The kind of sleep quality that you experience everyday can drastically affect your health and wellbeing. Although you can easily see the impact on your physical health, the toil that this puts on your mental health often goes unnoticed. What’s worse is that you might not even be aware that some of the physical and mental changes that your body is going through are caused by the kind of sleep you are getting. Therefore, to make things easier, we have come up with a handy list of some of the ways in which sleep impacts your health and wellbeing.
Different stages of sleep like REM-sleep and slow-wave sleep are all known to process memories in their own ways. Insufficient sleep in any of these stages can lead to forgetfulness and make it harder to learn new things, concentrate, recall memories, etc. This is exactly why a good night’s sleep is recommended on the night before you have an important activity to perform like a test or a game.

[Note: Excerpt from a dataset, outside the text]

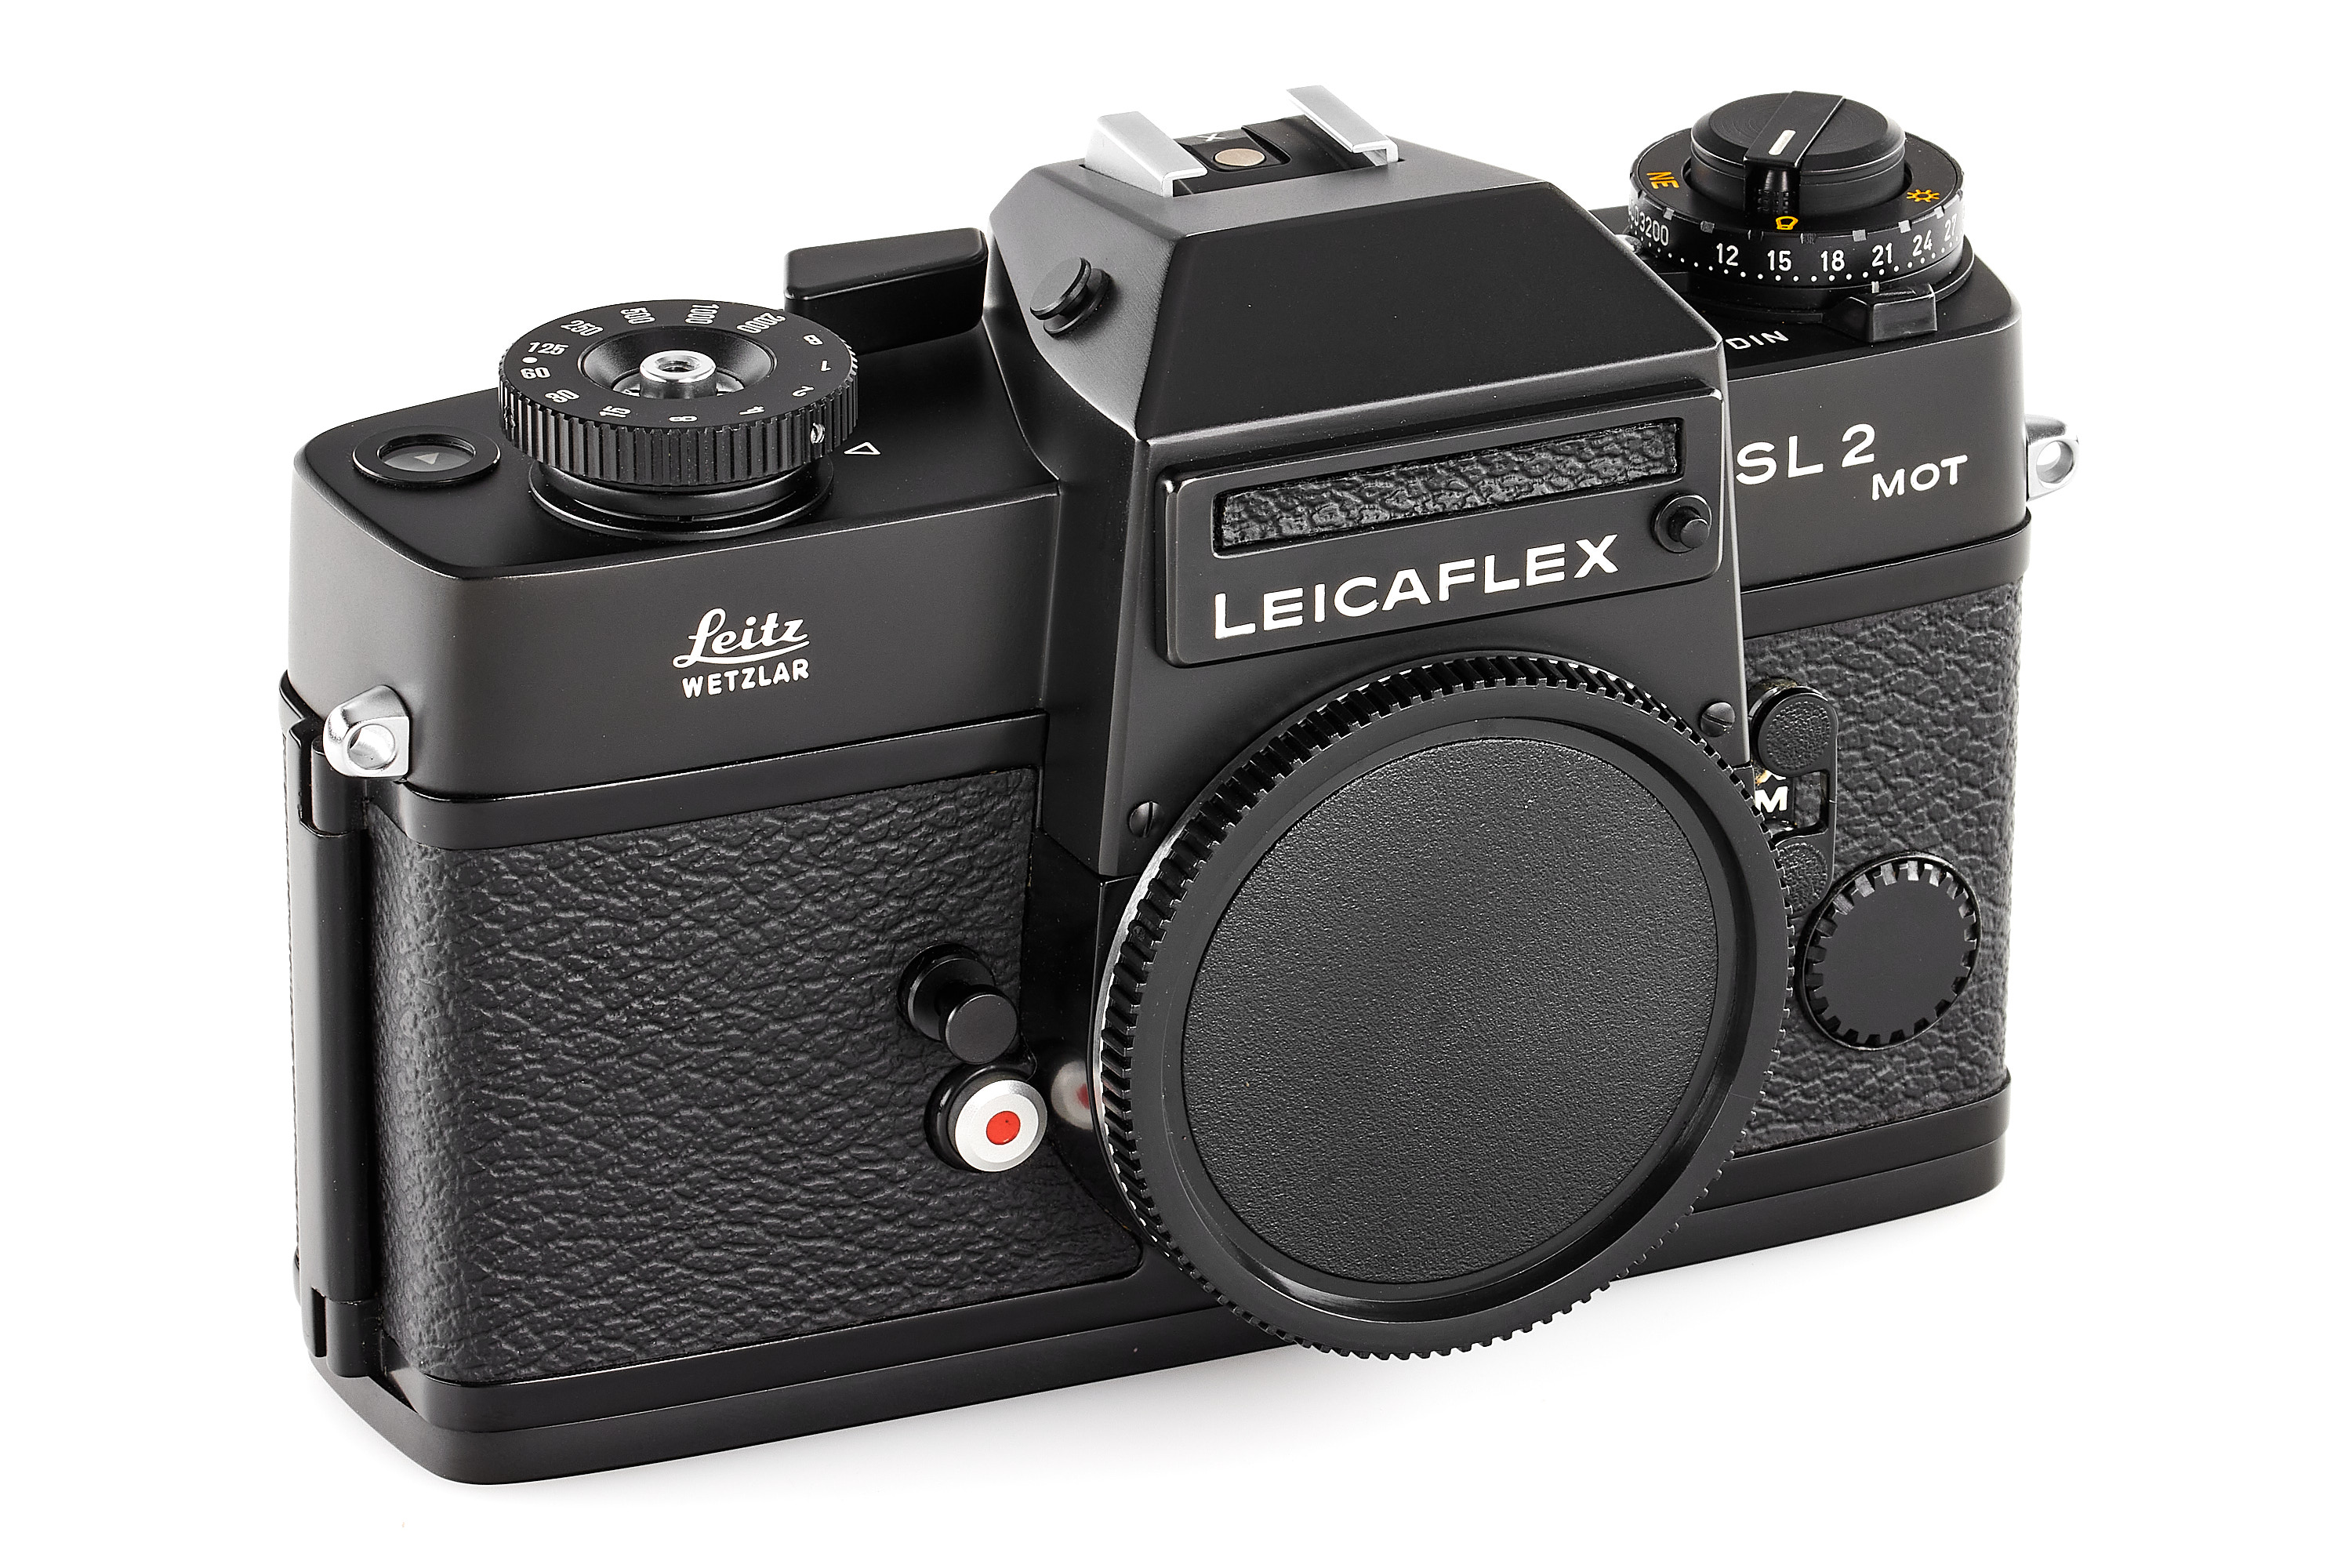 Leicaflex SL2 MOT black

Cortisol, a stress hormone secreted by the body’s adrenal glands for functions like regulation of metabolism and immune response can lead to a state of brain fog when released in high amount.
A good quality sleep helps maintain the proper regulation of glucose, hormones and other gastrointestinal functions in our body. A lack of proper sleep on the other hand can prove disastrous for your metabolism. Metabolic imbalance due to insufficient amount of sleep may lead to reduced energy and inability to process insulin. According to a past study, loss of sleep impacts the carbohydrate metabolism and endocrine function and is thus associated with the development of type 2 diabetes.
Stress and poor sleep quality are directly related and one can trigger the other leading to a cyclic process, which you don’t want to be a part of. The level of the stress hormone cortisol is reported to be increased when the body doesn’t get the amount of sleep it needs. According to a press release by the American Psychological Association, reports found alleviated stress levels among adults who received less than eight hours of sleep. Conversely, people with low stress levels were more likely to achieve increased quantity of sleep in the night than those with stress.
#04 Muscle Repair
We have often heard about the importance of exercise for a good night’s sleep but what is all this talk about sleep quality and ability to work-out? Well as it turns out, the body’s ability to work out efficiently or participate in other activities like running or playing, that need muscle and strength recovery, rely on our sleep quality. The proper functioning of protein synthesis and secretion of growth hormone are dependent on a good amount of sleep every night. The REM sleep stage is linked with healing body pain due to the relaxing of body muscles. Similarly, the non-REM sleep stage is particularly associated with the kind of restorative sleep that body needs for muscle repair.
#05 Immune System
If you have ever experienced a marked decrease in your body’s immune functions, your sleep quality might be the one to blame. When the body receives about 7 to 8 hours of sleep regularly, it produces ample amount of small secreted proteins called cytokines that are necessary for fighting off pathogens and virus infections. However, the body’s ability to combat sickness such as the flu or common cold take a beating when you aren’t receiving enough sleep in the night.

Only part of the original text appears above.